# Need help identifying this fish



## sharkbait001 (Dec 8, 2010)

Can anyone identify what kind of fish this is? I am new to the whole aquarium thing that when i started i got so excited and bought fishes that looked attractive to me and not knowing or even asking how to take care of em. now i think this fish is acting a litte crazy..not sure if its normal or not. Wanted to do some research and be a responsible fish owner and all..but i dont know what its called. At the store they labeled it as hammerhead fish. I know its not because i didnt see anything on the net about freshwater hammerhead fishes in an aquarium...i did however found some info about catfishes...

anyway, i hope someone can help me with this. And if you can throw in some tips on how to take care of it and some other facts as well ...then that would be awesome. 

Here is the link to the image:
http://www.aquariumforum.com/gallery/watermark.php?file=5965&size=1


----------



## WhiteGloveAquatics (Sep 3, 2009)

link is dead, remove the


----------



## jrman83 (Jul 9, 2010)

http//www.aquariumforum.com/gallery/watermark.php
Still nothing.


----------



## beaslbob (May 29, 2009)

jrman83 said:


> http//www.aquariumforum.com/gallery/watermark.php
> Still nothing.


so does this mean it might be the extremly rare cloaked vanishing ghost celestial morph of the mickey mouse, sunburst, lyretail, egg laying platty?
*old dude


----------



## automatic-hydromatic (Oct 18, 2010)

I'm guess the one in your photo album










looks like some sort of ____ shark, but I'm not an expert


----------



## jrman83 (Jul 9, 2010)

Google Image Result for http://www.thinkfish.co.uk/fishimages/0304_pangassius.jpg


----------



## sharkbait001 (Dec 8, 2010)

Oh sorry about the link. I didnt know. Thanks "auto" for posting it. And Thanks "Jrman" for the research. I was looking at the wrong direction...was searching using keywords like shark and hammerhead, freshwater hammerhead, etc.

Wow finally! Thanks so much!


----------



## sharkbait001 (Dec 8, 2010)

Oh man. I just read the article about the Pangassius fish. It says they are not really suitable for home aquariums.
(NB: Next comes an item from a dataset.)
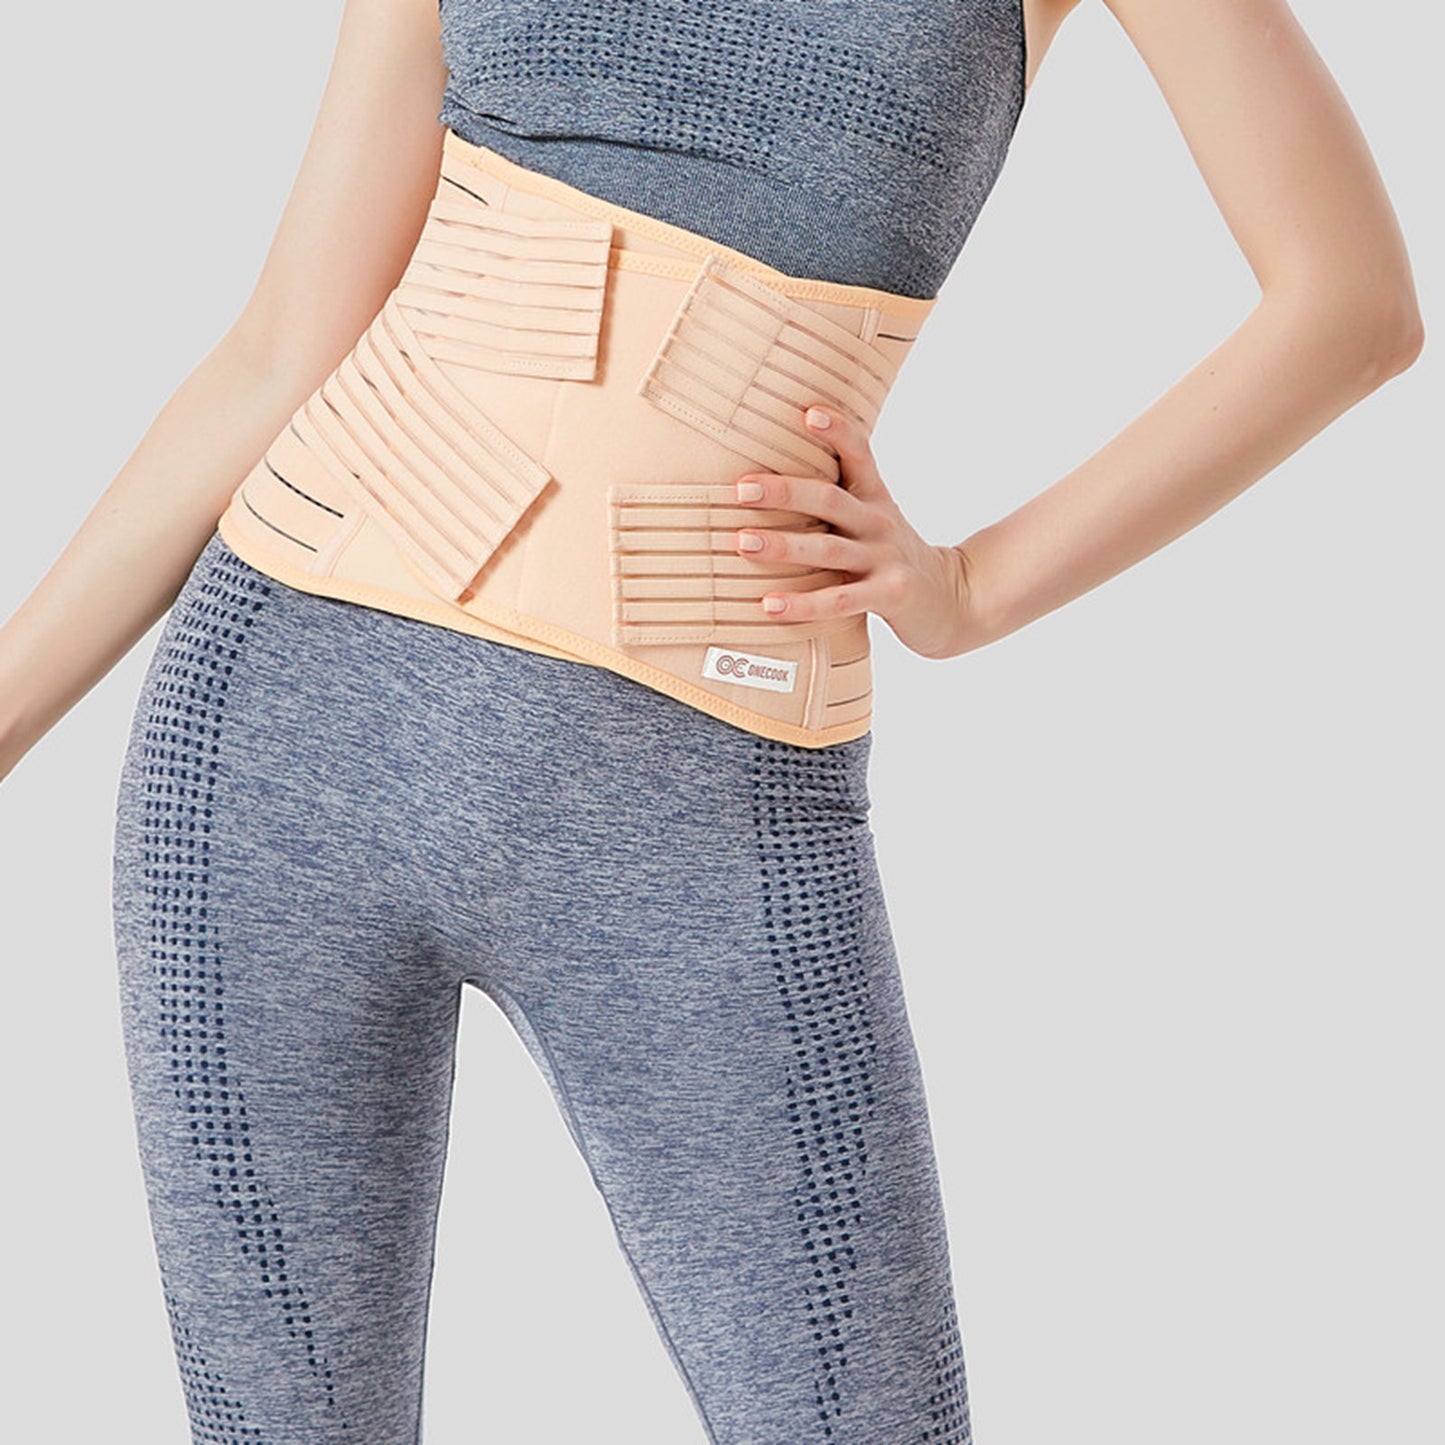 Women Waist Trainer Belt Body Shaper Belly Wrap Trimmer Slimmer Compression Band - Pantsnsox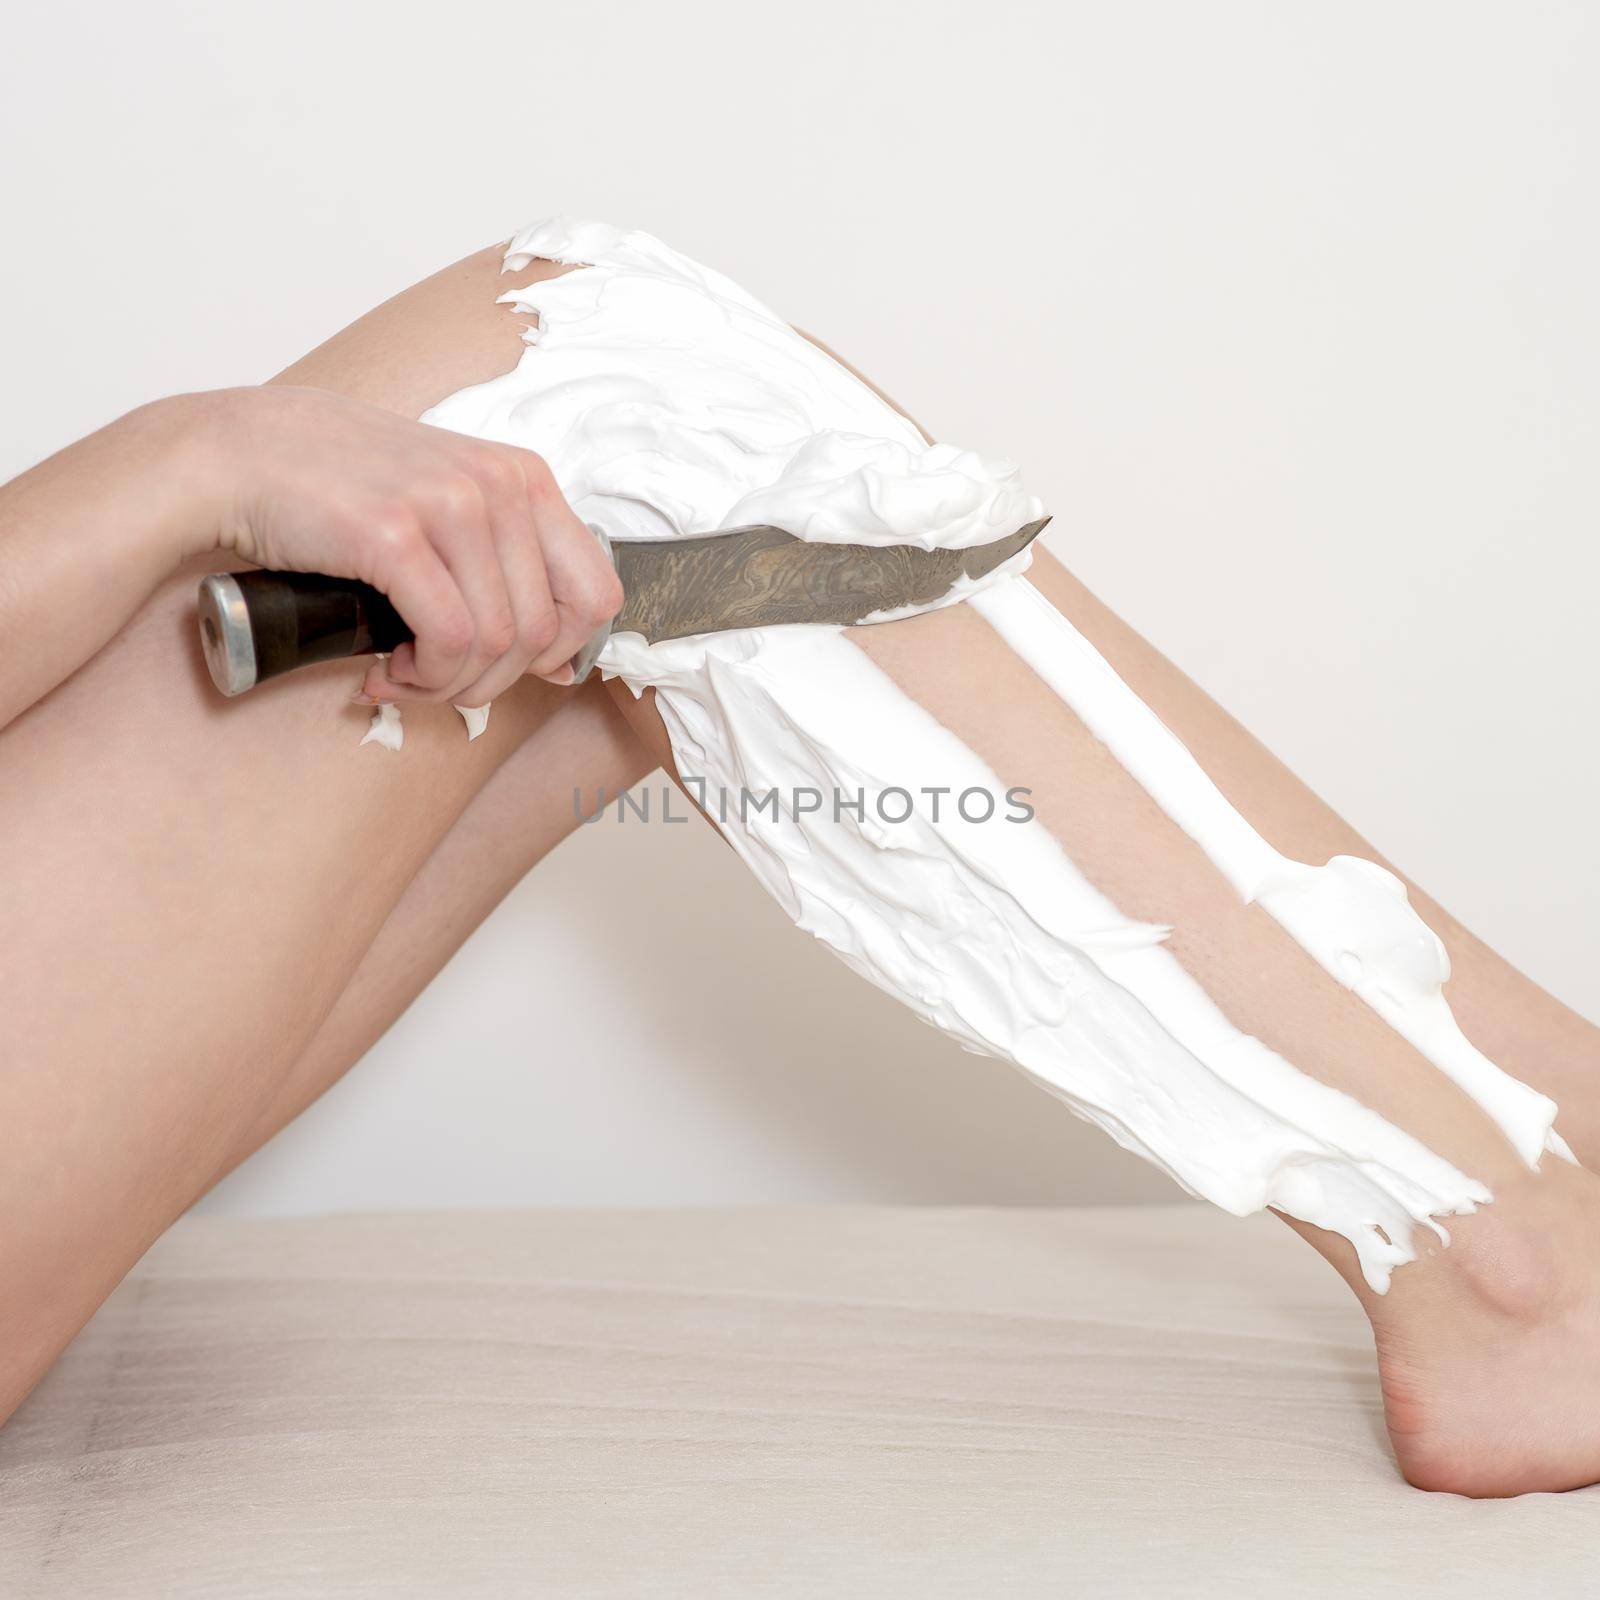 Legs of woman shaving by knife by okskukuruza

But what stikes me the most is this ..

_"Do not purchase these fish and if you see a store selling them, Think Fish encourages you to print out and show them this page in order to point out their mistake and/or lack of responsibility to fishkeeping."_

Wow now I have to take it back to them or simply set it free. So maybe that explains why they keep moving around in the aquarium.

Oh well, again thank you for helping me out here. I started searching for the name because I wanted to understand why it was behaving the way it does. so at least now I know.

Cheers!


----------



## jrman83 (Jul 9, 2010)

Is that the fish? That was the closest I saw a pic of.


----------